Exercise requirements: The result should be an exact copy of only the lines from the one holding "Panorama view of" through the last line of the data below, please, without pictures.

Given material:
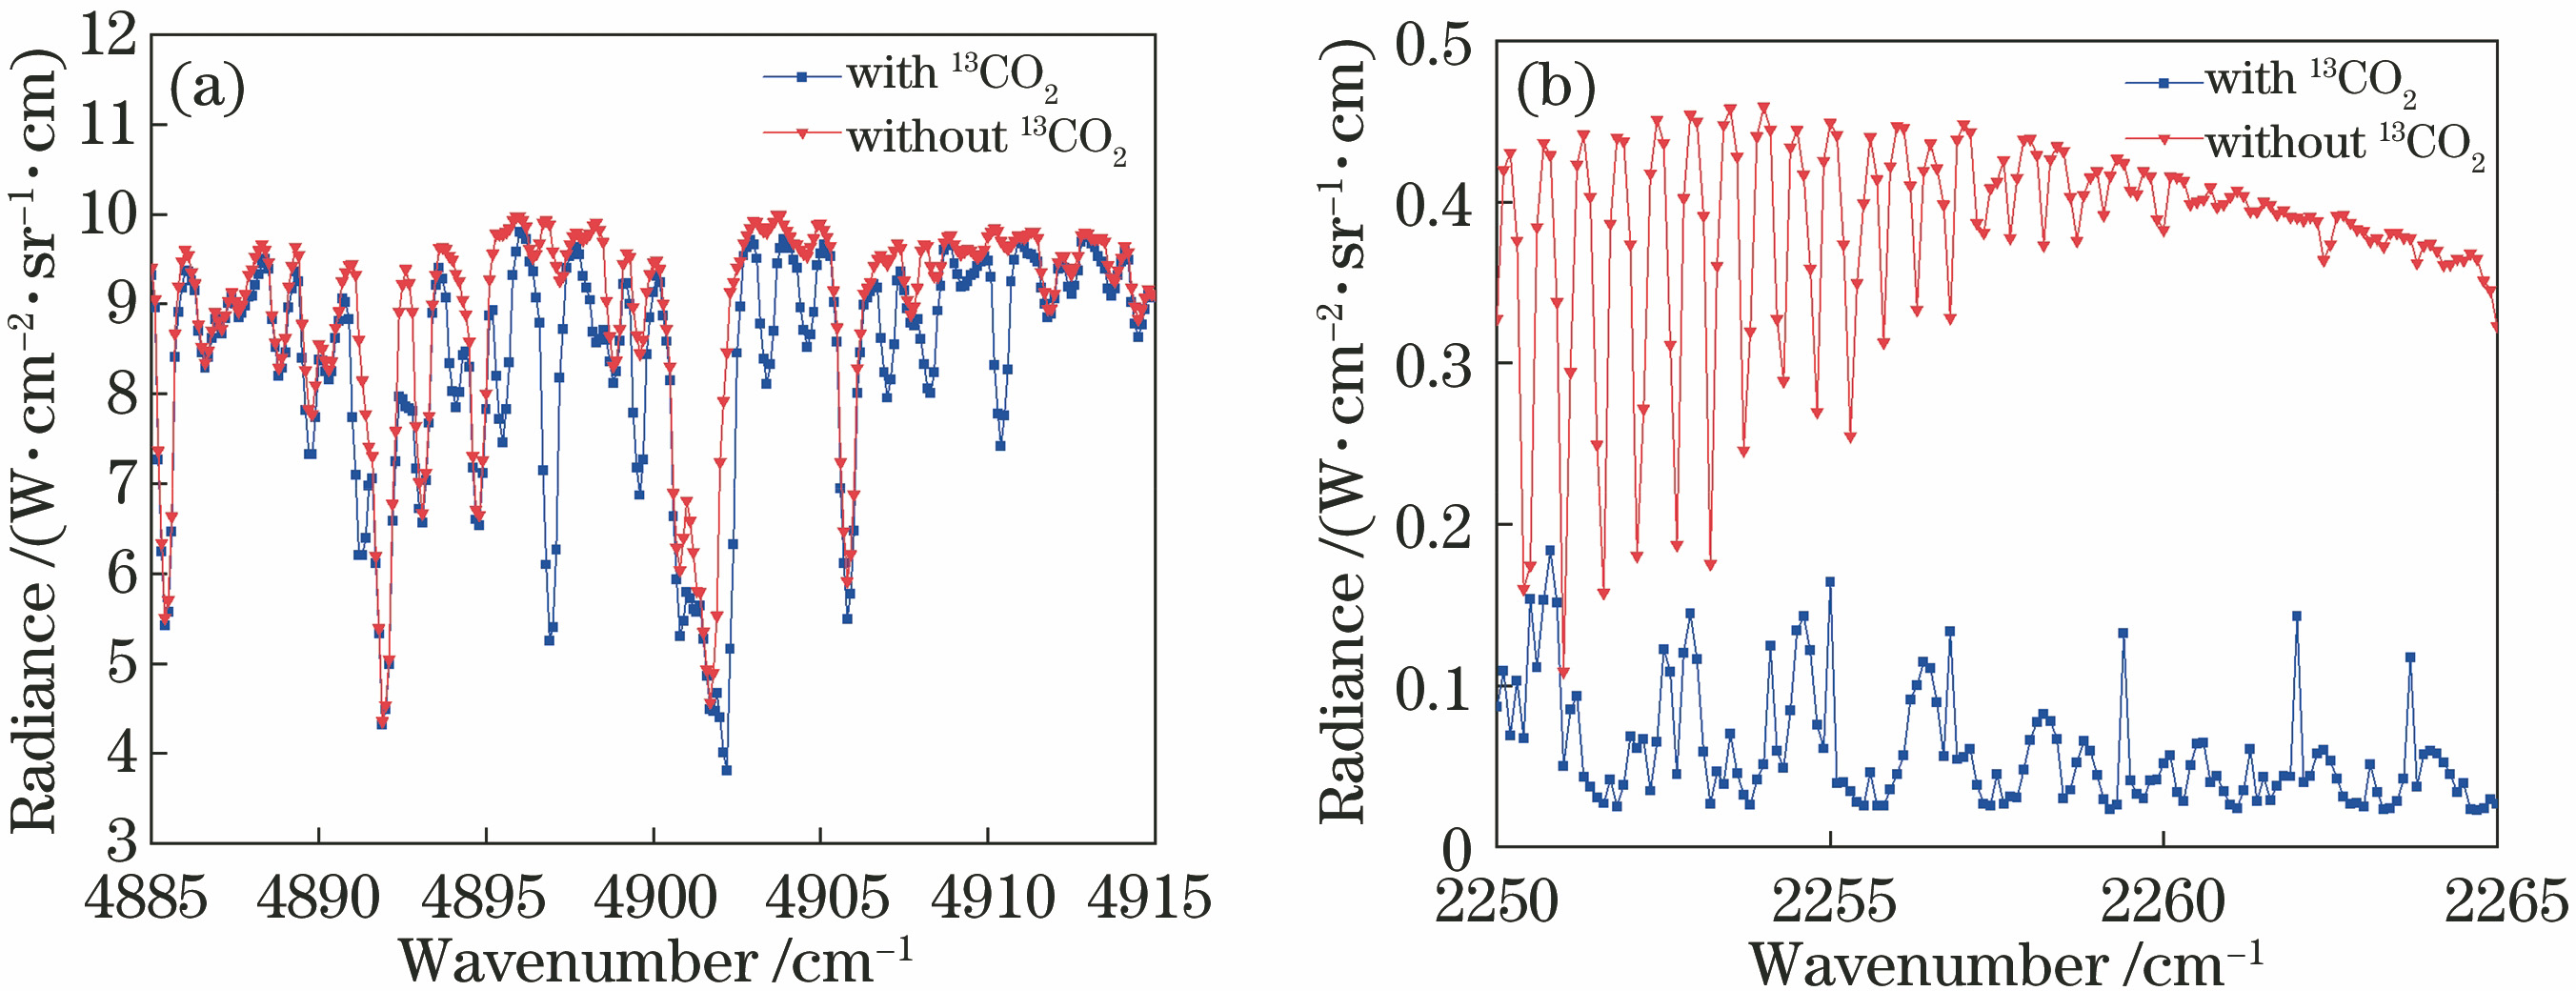 Sensitivity of near infrared and mid-infrared spectroscopy to 13CO2. (a) Near infrared band; (b) mid-infrared band
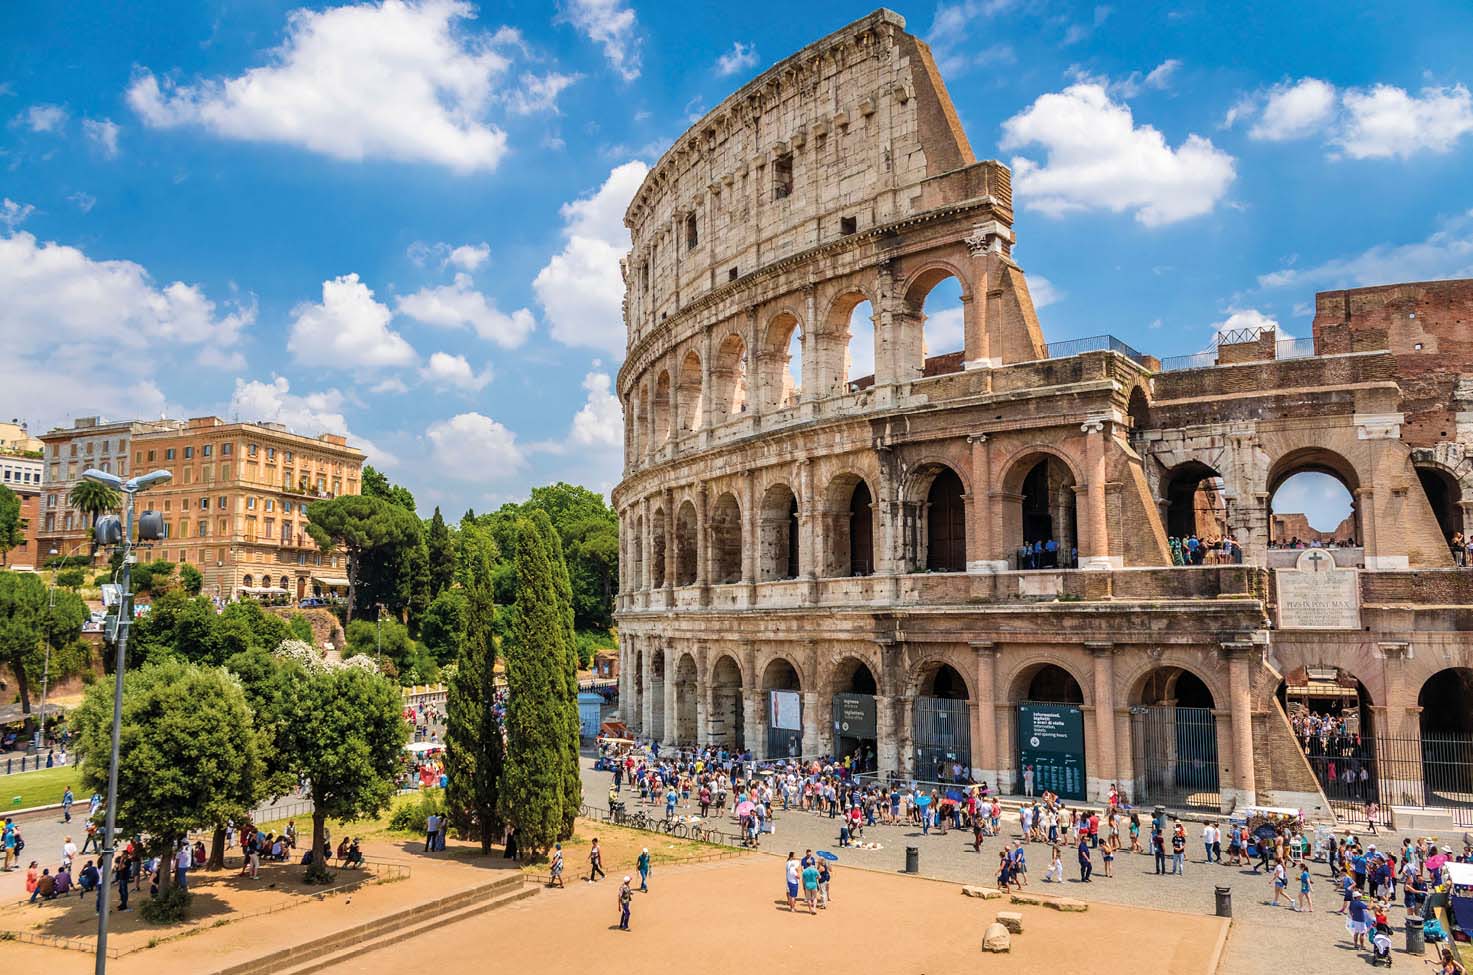 Panorama view of the Colosseum in Rome, with a blue sky and clouds, and tourists walking by
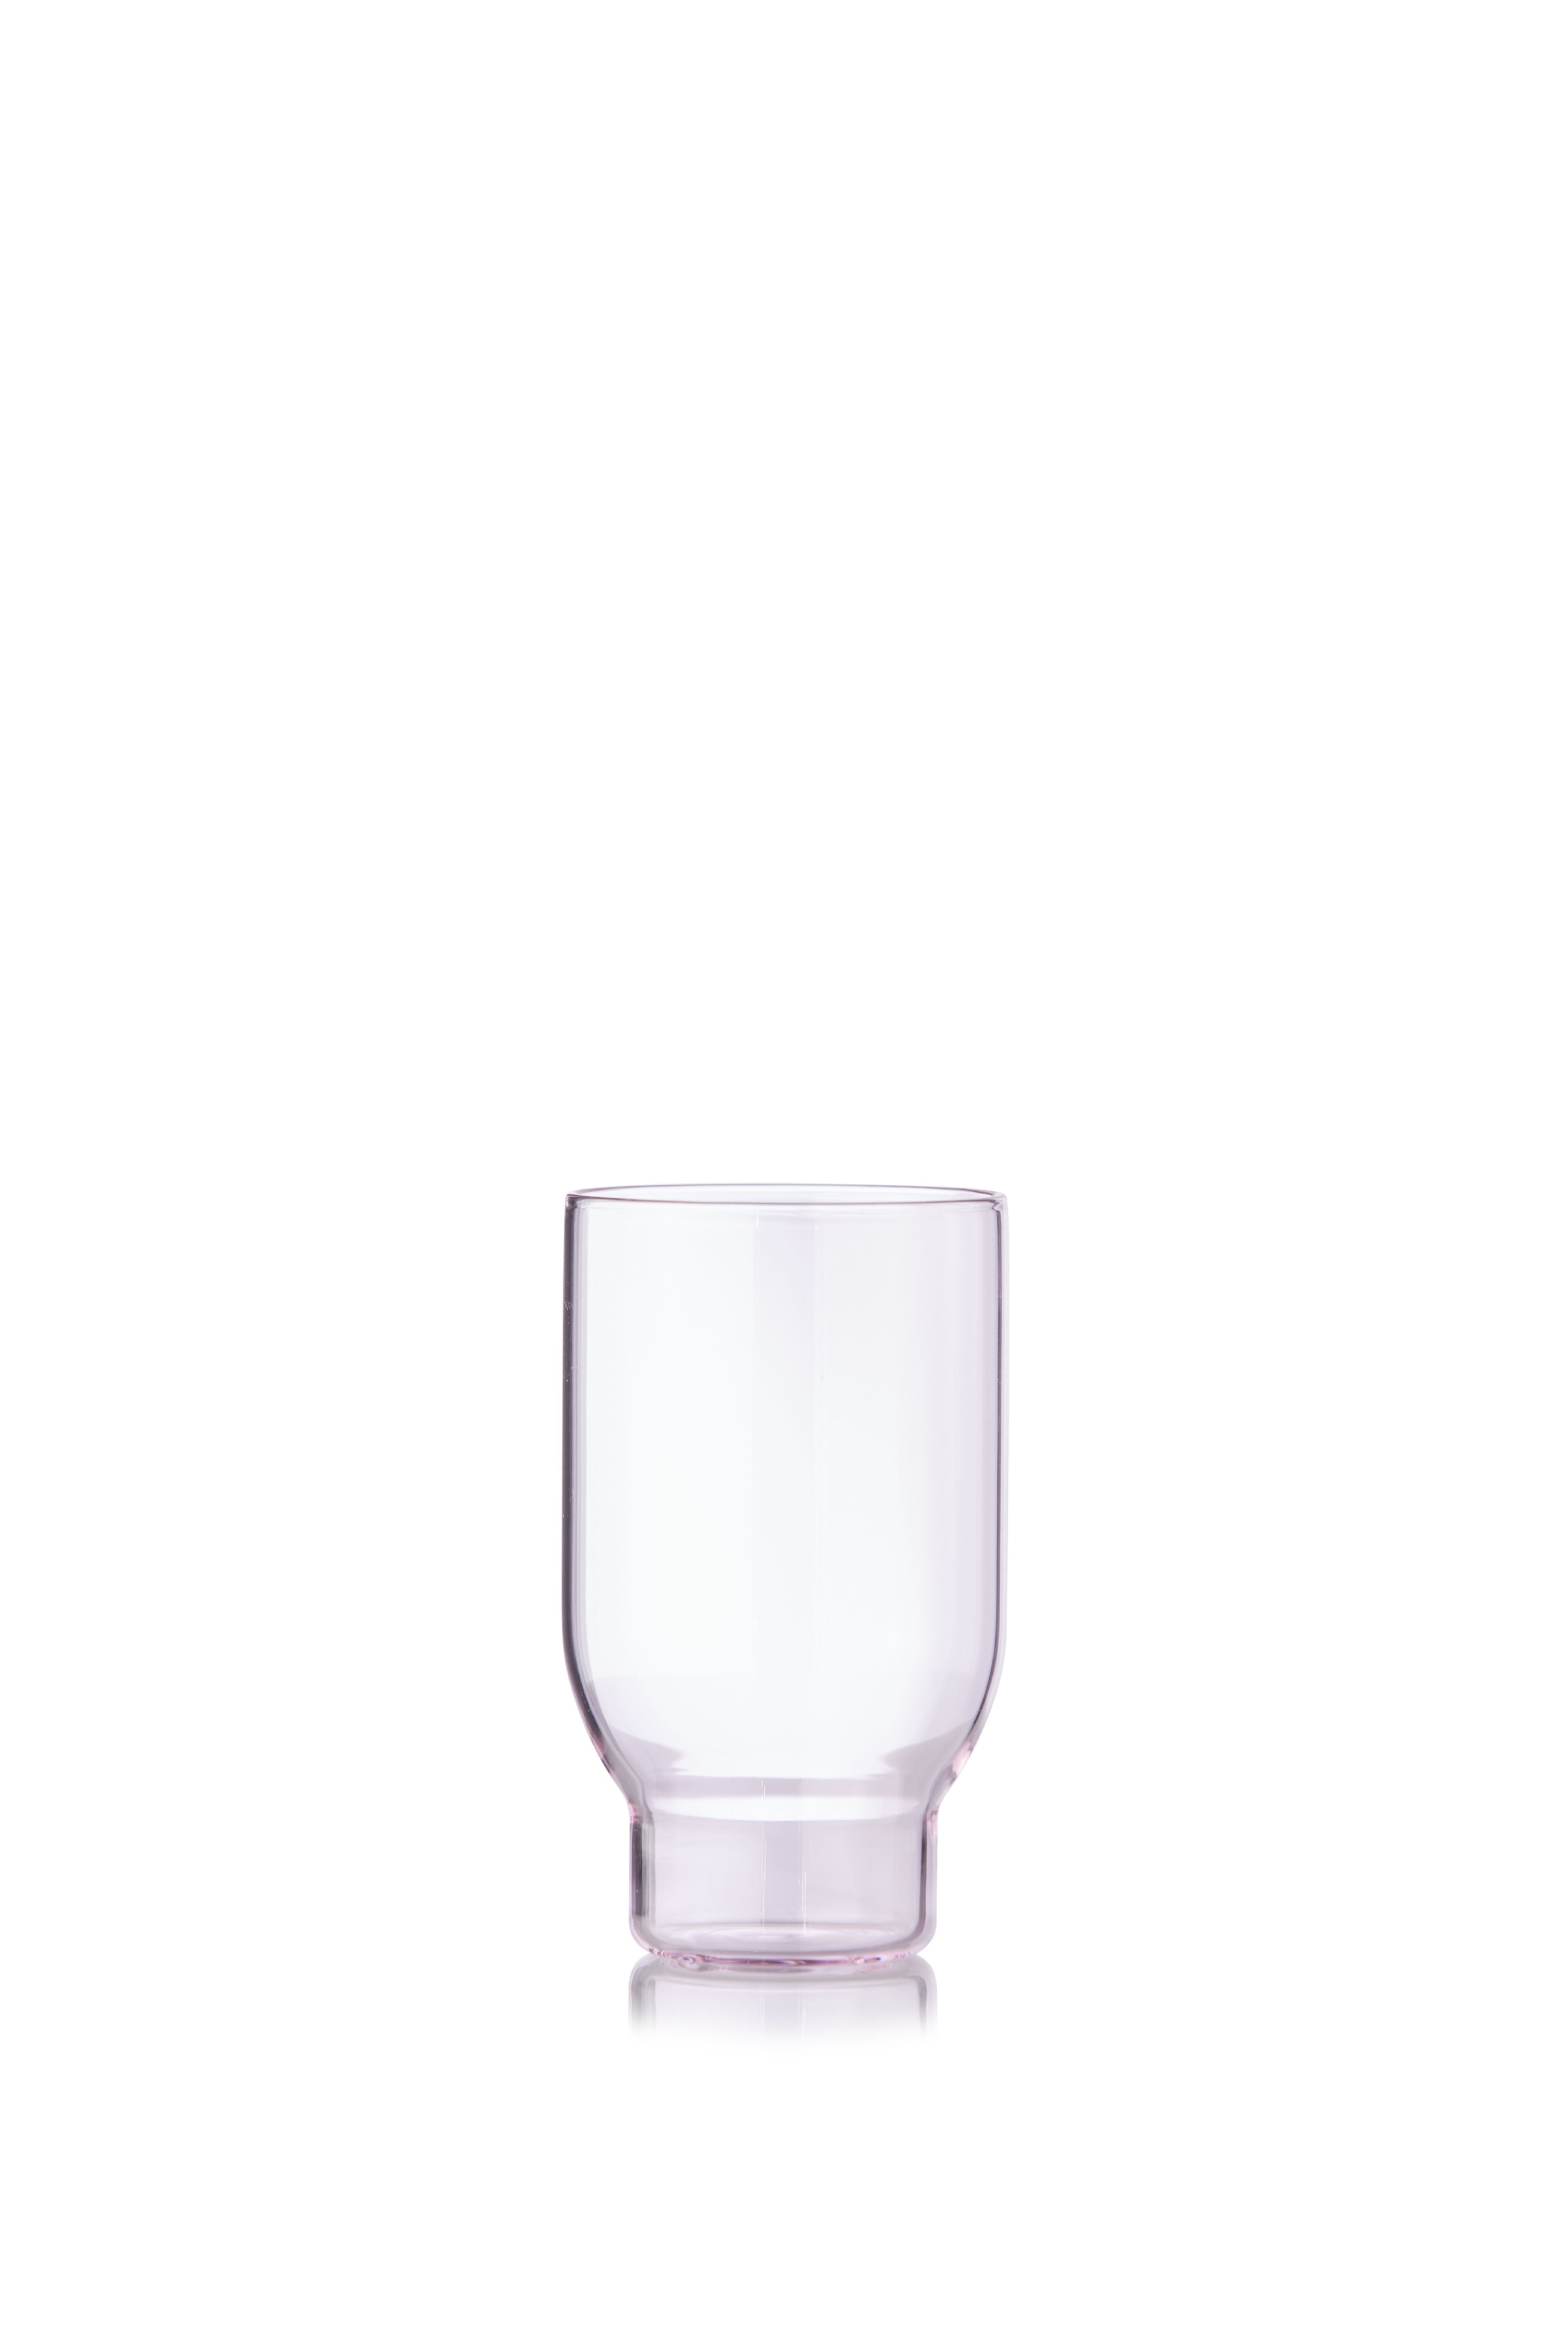 Studio About Glassware Set Of 2 Water Glasses, Rose

Response below:
 Panorama view of the Colosseum in Rome, with a blue sky and clouds, and tourists walking by
 Studio About Glassware Set Of 2 Water Glasses, Rose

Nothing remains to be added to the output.